GIVEN DATA: Begin
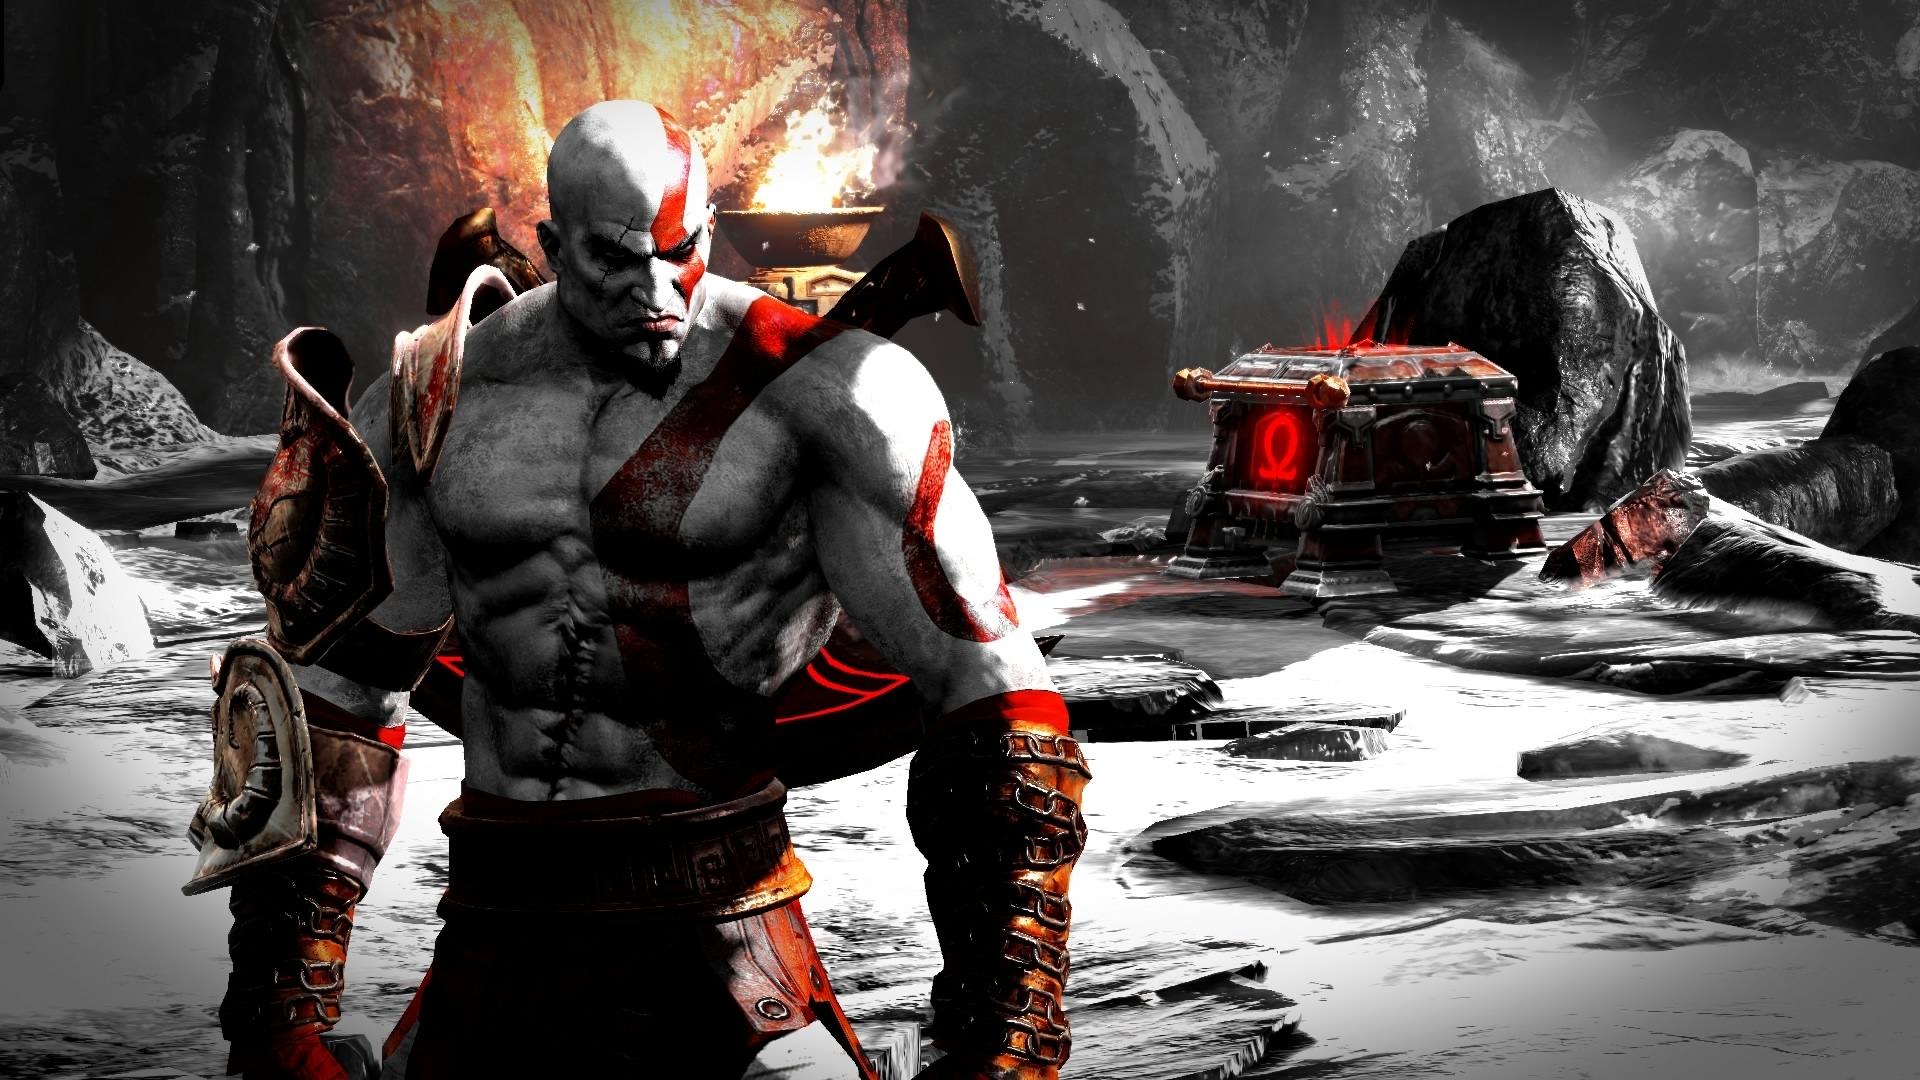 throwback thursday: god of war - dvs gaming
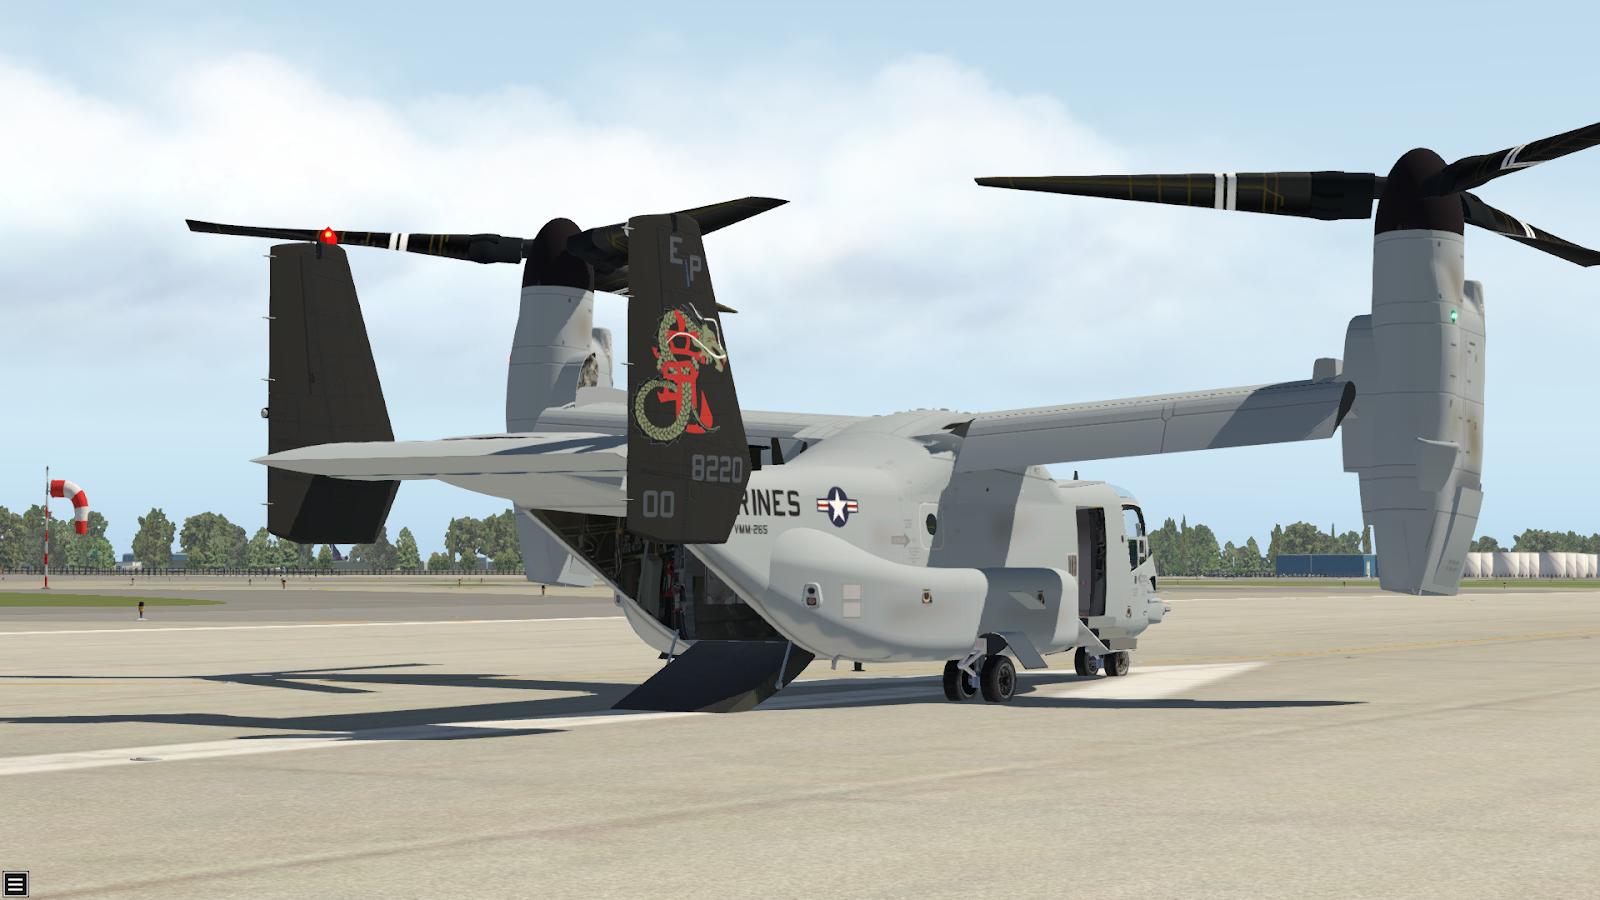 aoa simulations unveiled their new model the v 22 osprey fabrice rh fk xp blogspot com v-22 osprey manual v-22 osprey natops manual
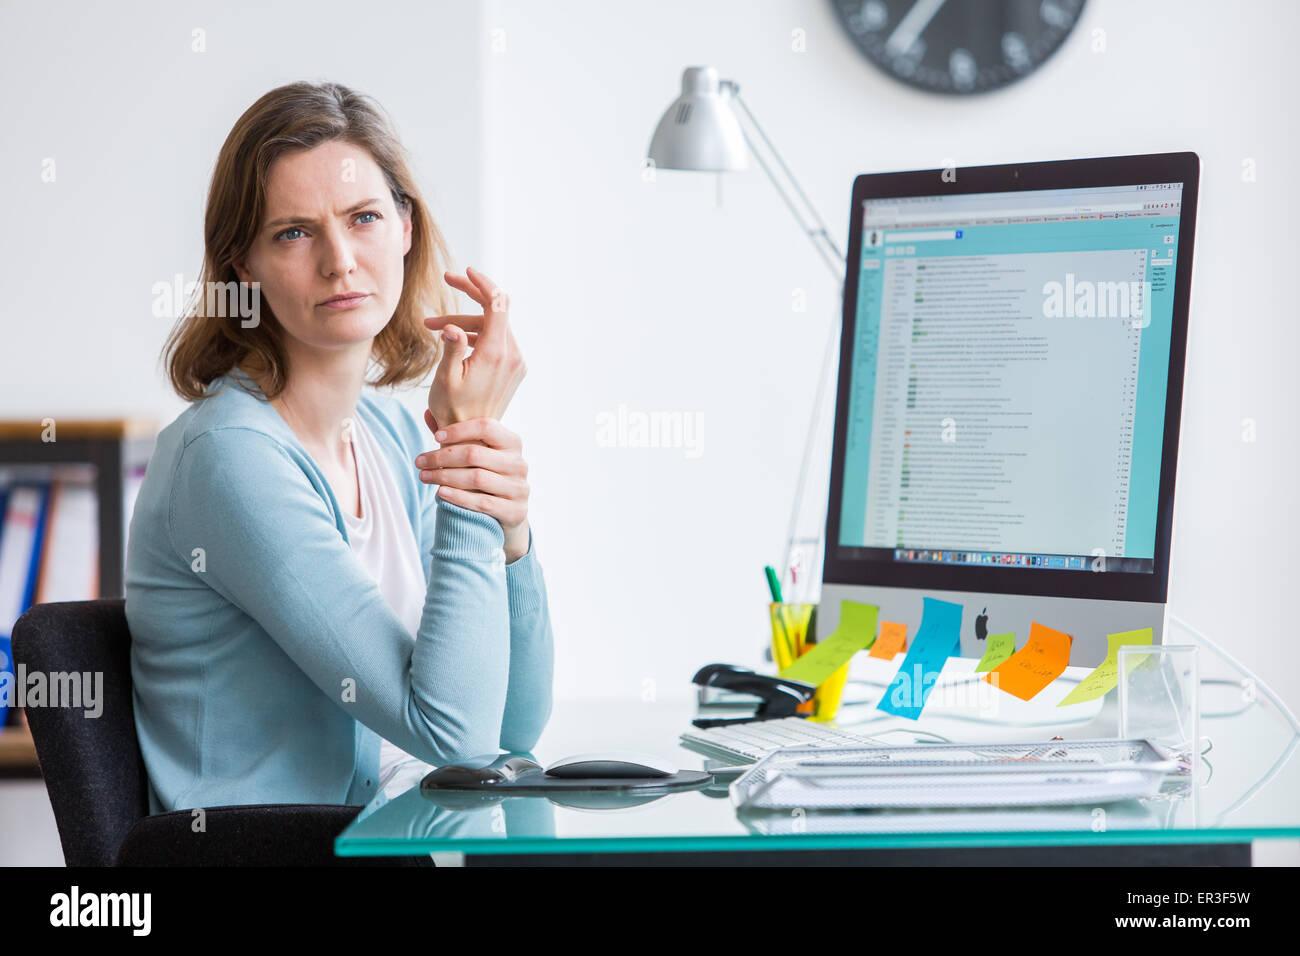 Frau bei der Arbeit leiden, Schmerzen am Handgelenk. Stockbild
GIVEN DATA: End
▶ EXERCISE: Once the line with "aoa simulations unveiled" is found, write out that line and every later line of the listing above exactly, through the last one, and skip any pictures.

▶ ANSWER:
 aoa simulations unveiled their new model the v 22 osprey fabrice rh fk xp blogspot com v-22 osprey manual v-22 osprey natops manual
 Frau bei der Arbeit leiden, Schmerzen am Handgelenk. Stockbild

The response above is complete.